|Ph.D Student||Mory Adi|
|Subject||Deciphering the Genetic Defect behind Kohlschutter-Tonz|
|Department||Department of Medicine||Supervisor||Clinical Professor Ruth Gershoni-Baruch|
|Full Thesis text|
Kohlschutter-Tonz syndrome (KTZS) is an autosomal recessive neurodegenerative disorder, characterized by intellectual impairment, spasticity, epilepsy and amelogenesis imperfecta (AI). We investigated 16 new KTZS cases, from 7 families, all originating from one Druze village. Using Genome-Wide SNP arrays and polymorphic microsatellite markers, we have located a shared homozygote interval of 586,513bp on chromosomal region 16p13.3. The shared chromosomal region harbors 17 genes, Sanger sequencing analysis was undertaken for each gene's coding exons including exon-intron boundaries. Within the Drosophila rogdi homolog (ROGDI), a homozygous nonsense mutation c.469C>T, causing a premature stop codon, p.Arg157*, was identified. KTZS affected individuals were homozygote (n=15) for the nonsense mutation while healthy family members were either heterozygote or non carriers (n=20). We otherwise identified eight carriers out of 68 unrelated, healthy inhabitants of the village in question, screened for the mutation. The mutation was not present in 180 Druze individuals from various other Druze villages in northern Israel.

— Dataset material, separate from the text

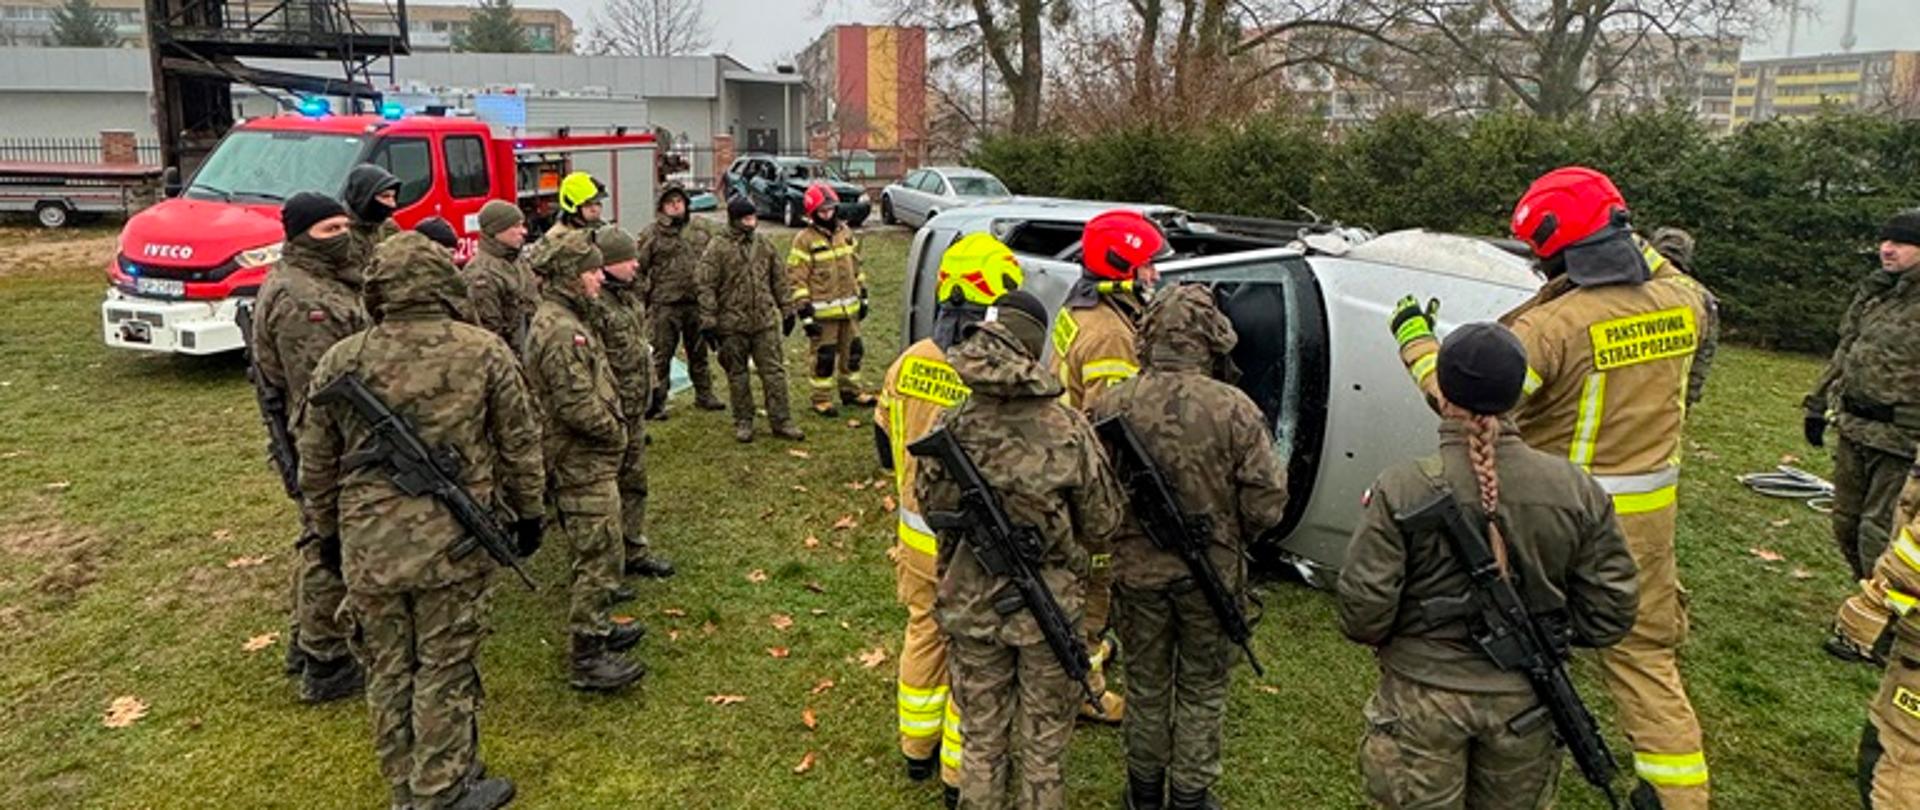 Żołnierze stoją w trakcie szkolenia a w tle przewrócone na bok samochody osobowe, przy których pracują strażacy

Human ROGDI encodes a leucin zipper protein of 287 amino acids, the function of which remains enigmatic. Large scale RNA expression studies show highest expression level of ROGDI in the nervous system compared to other organ systems. Our expression analyses indicate that human ROGDI is widely expressed, with higher levels in spinal cord, adult brain, heart, bone marrow, and peripheral blood, and lower but detectable levels in many other tissues including fetal brain. Quantitative RNA expression analyses were performed on RNA extracted from patients (n=12) and control's (n=6) blood samples. ROGDI's expression was markedly reduced in patients (80%-55%) compared to mean value obtained from controls, indicating nonsense-mediated mRNA decay. A nuclear localization of ROGDI was demonstrated by immunofluorescence studies, and strong labeling of the nuclear envelope was detected suggesting specific nuclear envelope localization for ROGDI.
This study provides the clinical data that best characterizes 16 KTZS patients. The unique KTZS phenotype that compiles mental and verbal deficiency, motor deterioration, seizures and AI is common to all affected individuals. However, age at onset and severity of convulsions parallel the progression of mental and motor disability and invariably vary among affected sibs. By late adolescence and early twenties KTZS individuals are bedridden, fed by gastrostomy, spastic, practically with no cognitive and language perception. These cases highlight a disease that is progressive by nature, the course of which is uniform, albeit being heterogeneous, as regards the severity of symptoms (seizures) and the rate of mental and motor regression.